## WORK TO BE COMPLETED
A verbatim repeat of the lines below is required, with the pictures removed.

## SUPPLIED INFORMATION
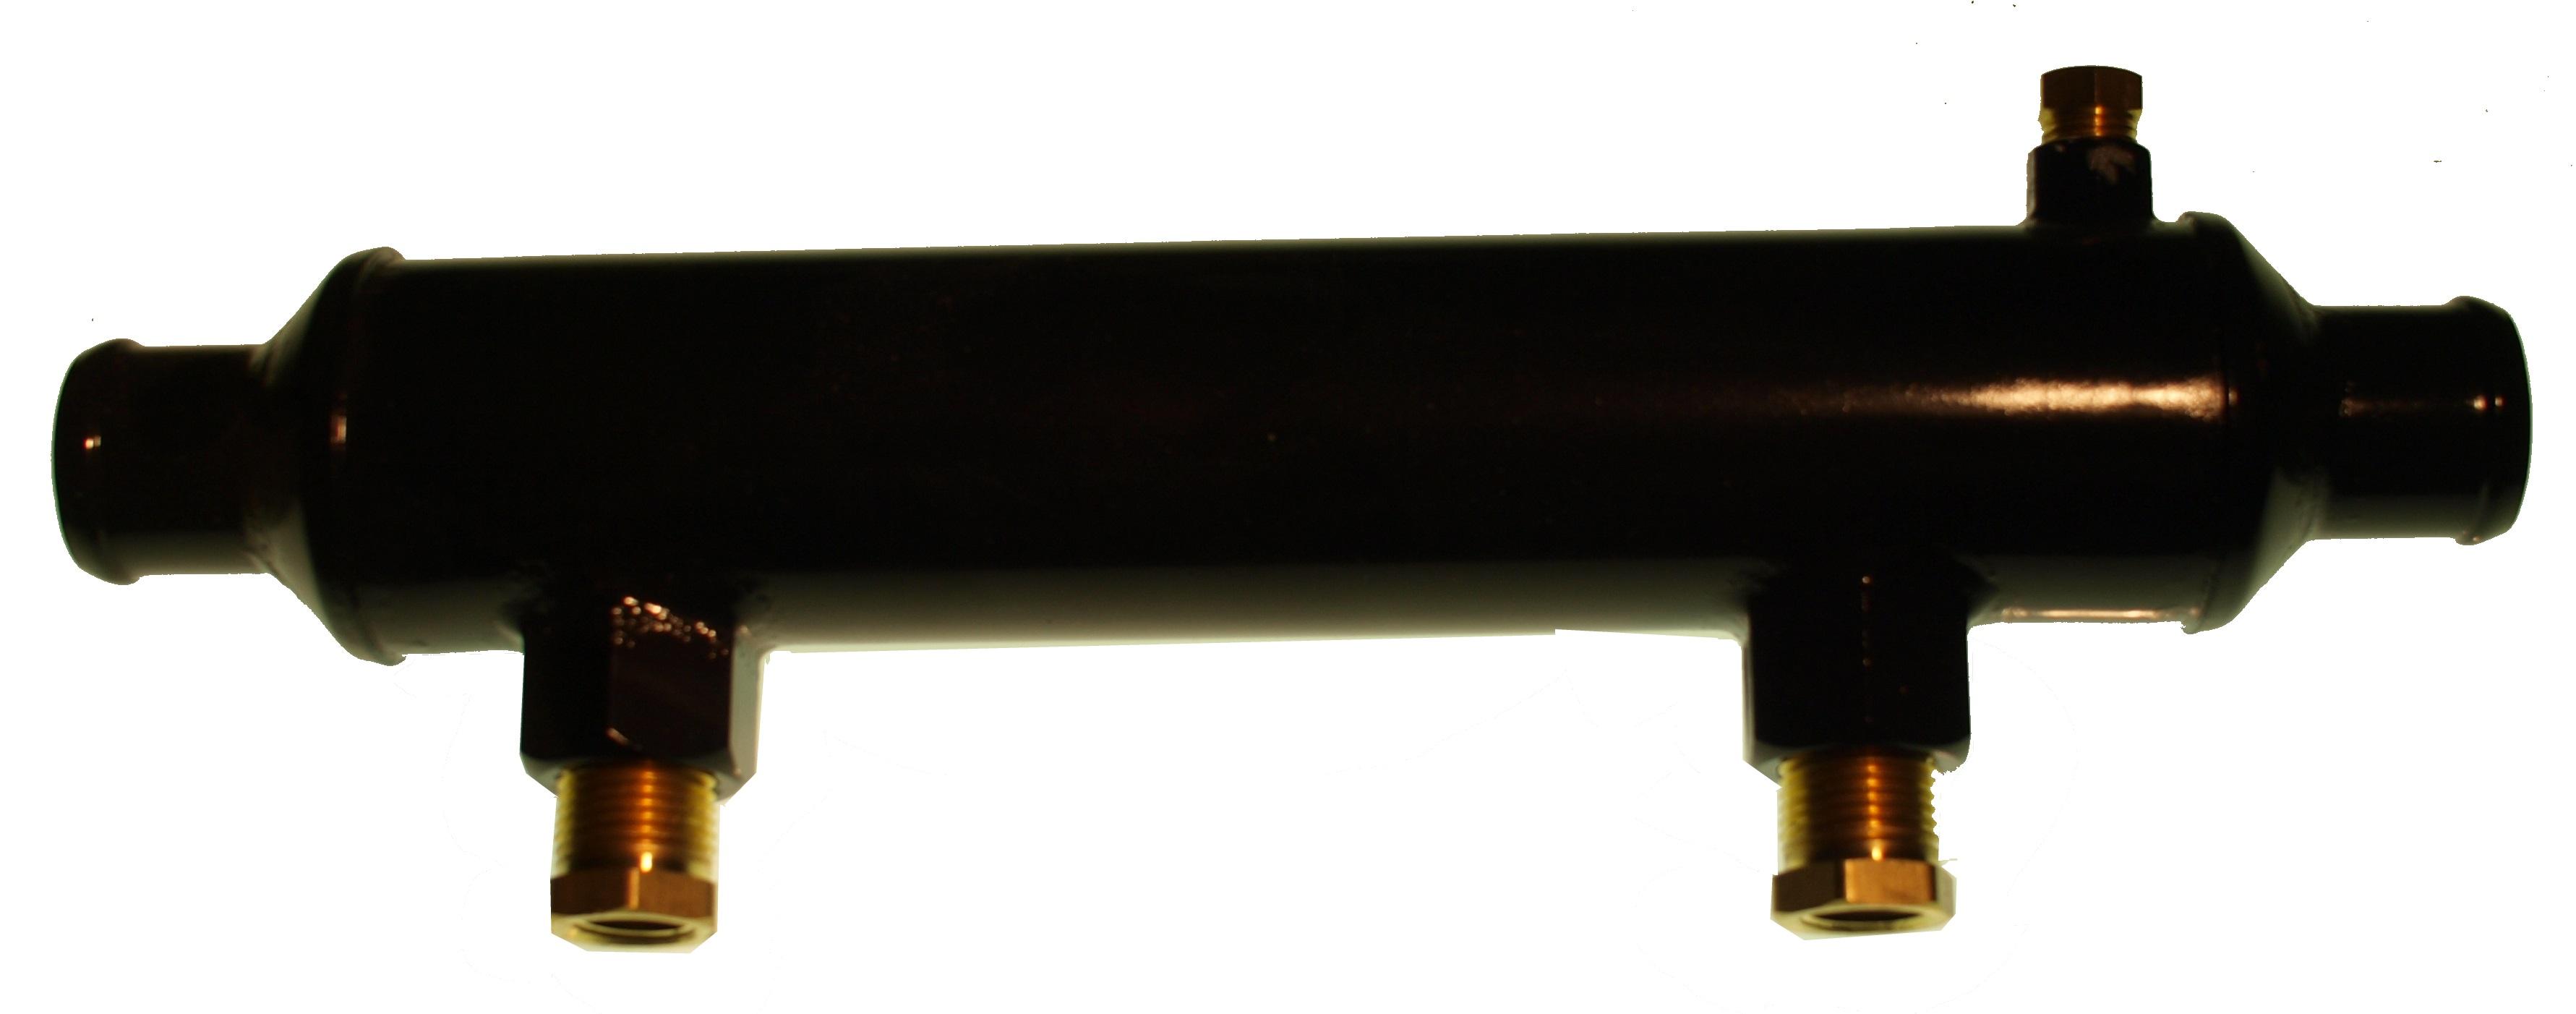 Oljekylare 10 tum - 32 mm anslutning
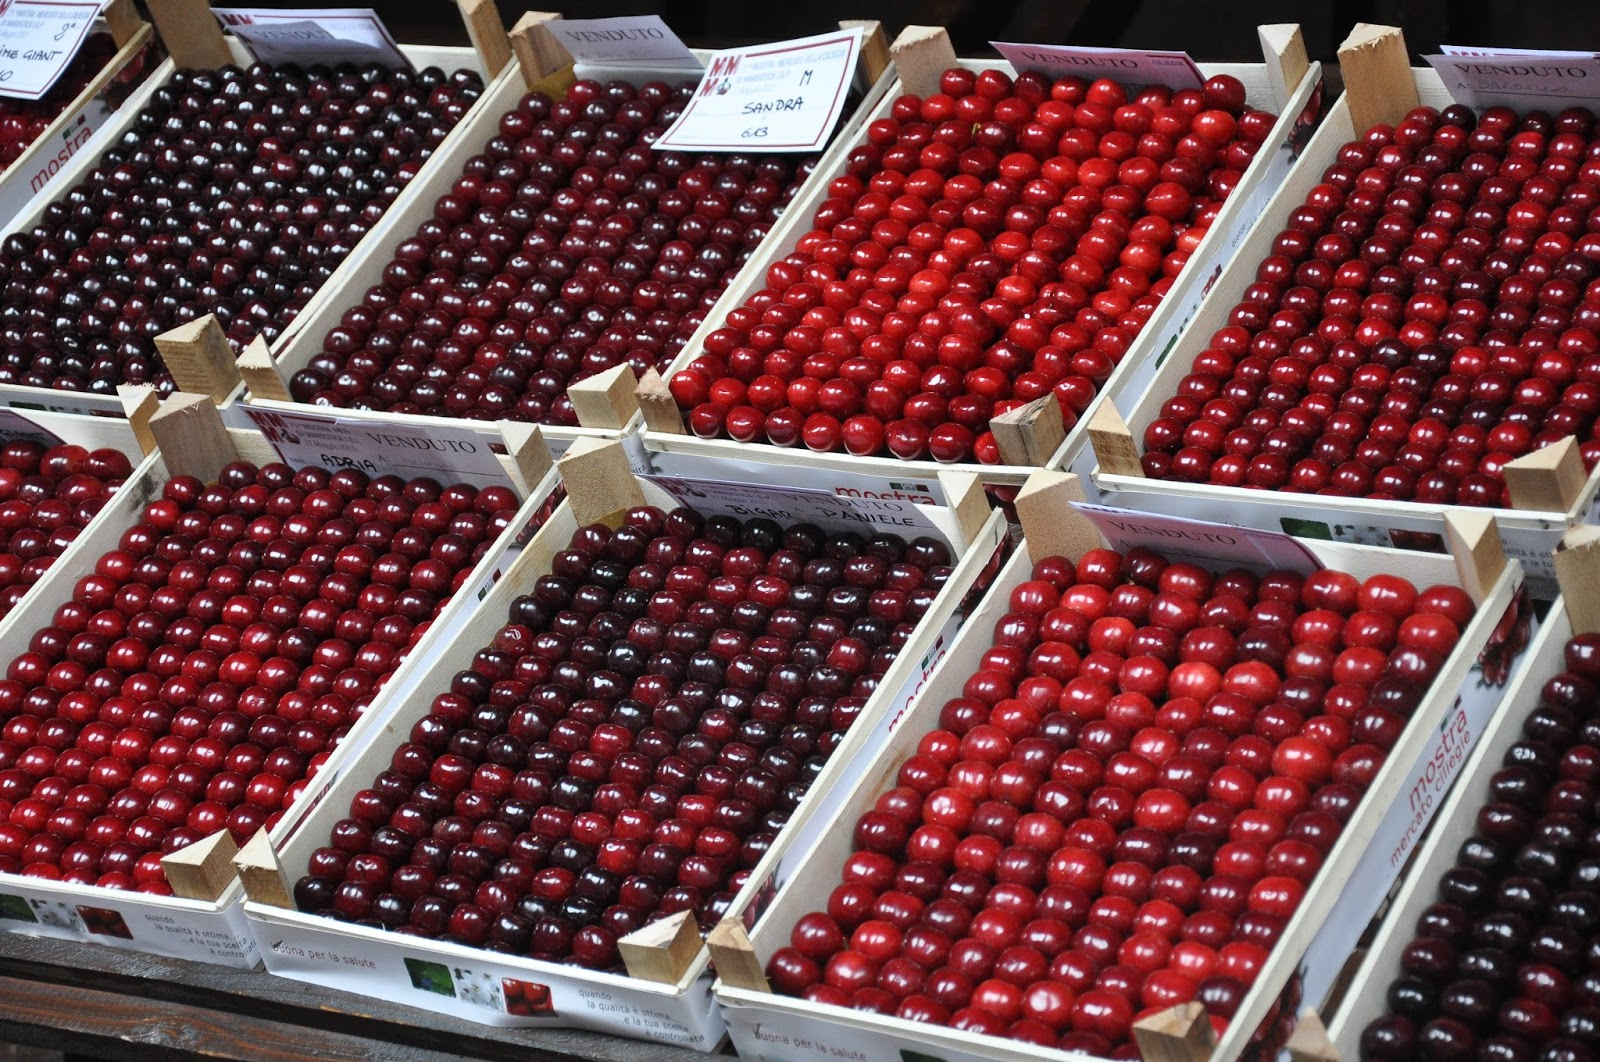 Crates of Premier Cherries, Cherry Show Market, Marostica, Veneto, Italy
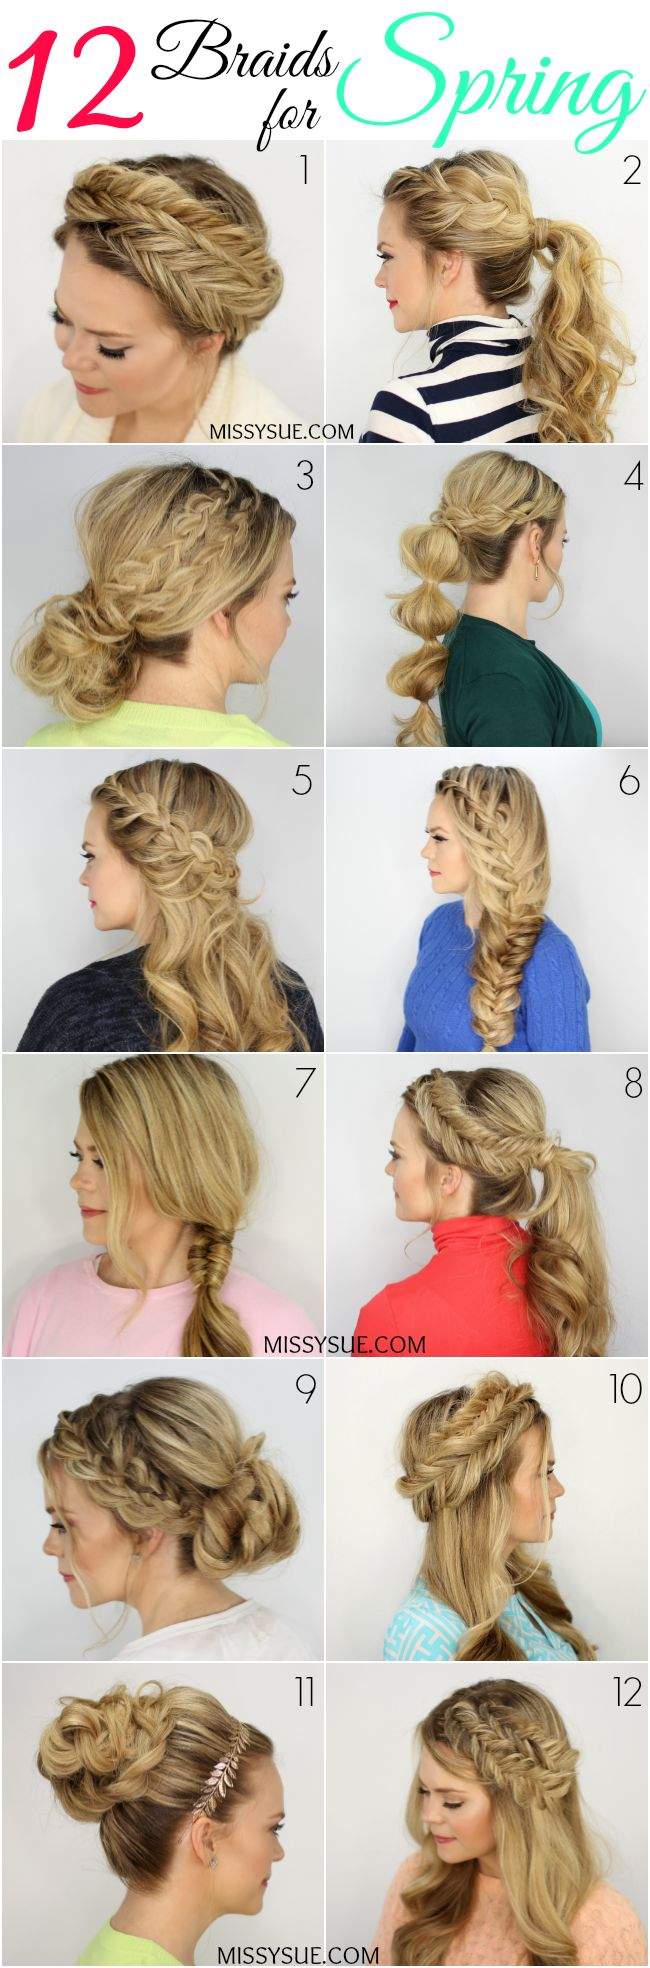 12 Braids for Spring

## COMPLETED TASK
 Oljekylare 10 tum - 32 mm anslutning
 Crates of Premier Cherries, Cherry Show Market, Marostica, Veneto, Italy
 12 Braids for Spring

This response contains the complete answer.